После ухода хозяйки Нафанаил вновь поднялся на леса, а паренек принялся за прерванное чтение…
3
В погожий день густая облачность при ветре по временам убирала с земли солнечный свет.
На остров на пароме переправились пятеро конных татар, но, не навестив, как обычно, боярский двор, сразу подались к загонам, где паслись кобылицы с жеребятами.
С весны в удельное княжество из Орды прислан новый баскак – мирза Алиман, а оттого кочевники – частые гости в вотчине. Ведут строгий счет приросту поголовья, чтобы не прозевать взять мыто со всякой новой лошадиной головы.
После отслуженного молебна с дозволения боярыни на Тайном озере ловили рыбу. Подошла пора солить ее, делать запасы к зиме.
На песчаной косе острова, клином вползшей в озеро, против изб слободки табунщиков крикливое многолюдство: стариков, старух, ребятишек и баб. Шестеро мужиков под выпев «потянем» под присмотром старосты выводят из воды невод второго замета. Первый улов расторопные хозяйки уже уволокли на свои дворы, а те, кто остался без рыбы, с нетерпением ожидали второго улова.
На пяте невода окаменел диакон Миней. Непомерно тучный телом, не обиженный ростом, увязая босыми ногами в мокром песке, он стоял намертво, несмотря на то что невод все же сволакивал его к воде, а в песке оставалась взрыхленная ногами канавка.
Миней заткнул за ременный пояс полы старого, закапанного воском подрясника, чтобы тот не путал ног, отчего у всех на виду оказались его пестрядинные исподние. Волосы и борода у диакона огненно-рыжие, раскосмаченные ветром на солнечном свету, они мотались вокруг головы будто языки жаркого пламени.

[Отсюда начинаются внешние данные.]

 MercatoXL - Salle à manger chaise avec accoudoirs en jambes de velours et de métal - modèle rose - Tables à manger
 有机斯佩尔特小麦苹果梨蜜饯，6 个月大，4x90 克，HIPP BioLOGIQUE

Зычно покрикивая на горластых молодок, а также на ребятишек, сновавших возле него, Миней не дозволял себе соленых словечек и не убирал с лица добродушной улыбки по той причине, что поодаль от него маячила сама Ирина Лукияновна с тиуном и Вивеей.
На боярыне синий летник с золотым шитьем. Шею ее обвила нитка низаного жемчуга, отливающего розовыми огоньками. Хозяйка пришла взглянуть на лов, услышав от дворни, что невода выводят с богатой рыбой.

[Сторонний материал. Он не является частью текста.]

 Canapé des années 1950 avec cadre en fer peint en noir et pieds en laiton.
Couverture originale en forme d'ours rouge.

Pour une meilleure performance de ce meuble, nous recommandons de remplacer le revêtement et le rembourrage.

Мимо косы с господского двора, щелкая кнутами, конюхи под уздцы провели племенных жеребцов на водопой. Он возле кузниц. Там речка Слезница по мочажинному руслу, заросшему осокой, пушистым вейником и конским щавелем, сливала в озеро ледяную даже в самую жарынь лета родниковую водицу.

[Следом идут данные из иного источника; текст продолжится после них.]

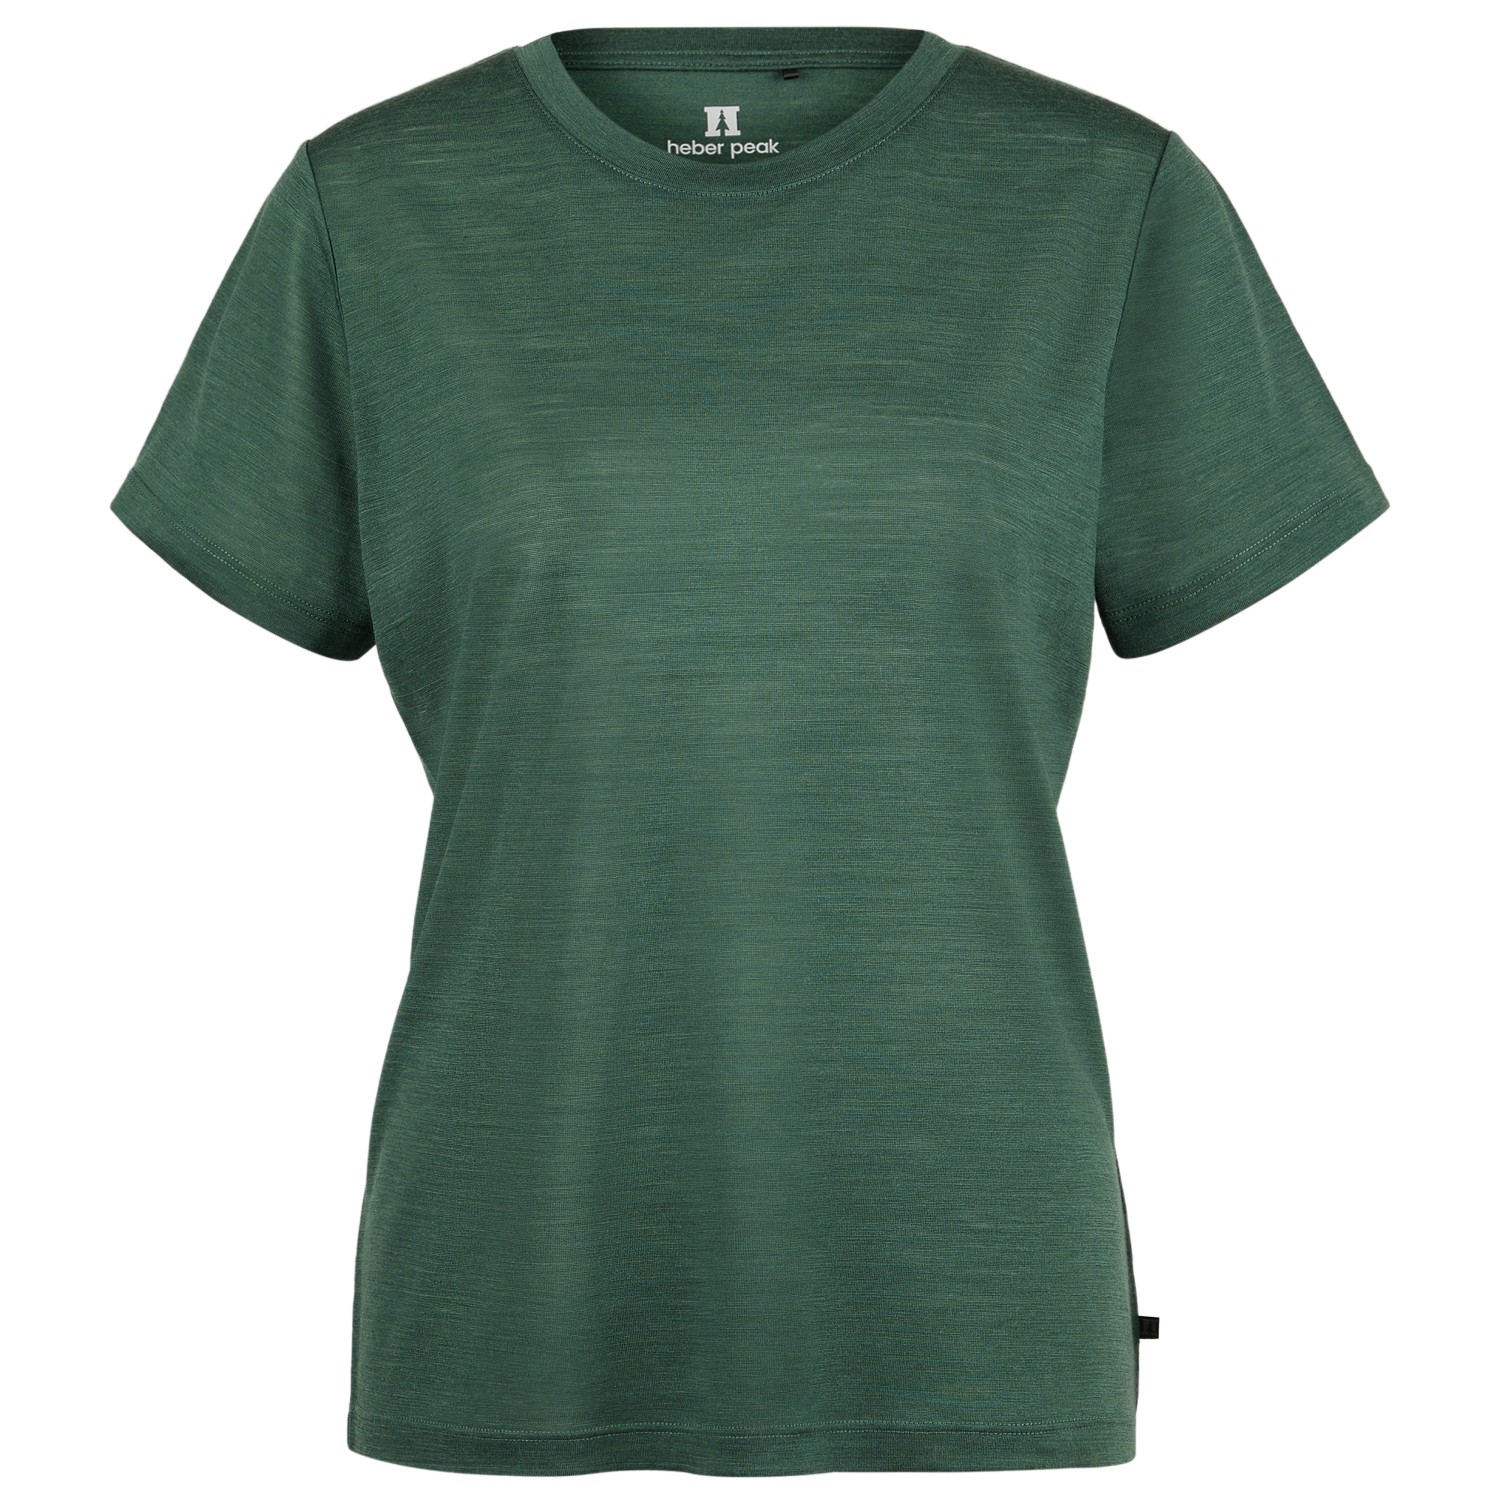 Рубашка из мериноса Heber Peak Women's MerinoMix150 PineconeHe T Shirt, цвет Parsley Green

На косе раздался возглас диакона в полную силу его баса:
– Благослови, Господи, зрить рабам Божьим твое милостивое подаяние!
Возглас возвестил выход невода. Толпа истово закрестилась, когда мужики выволокли на песок кошель невода, туго набитый живым рыбьим серебром. Бабы с радостными криками кинулись к нему и, переругиваясь, сгрудились возле добычи.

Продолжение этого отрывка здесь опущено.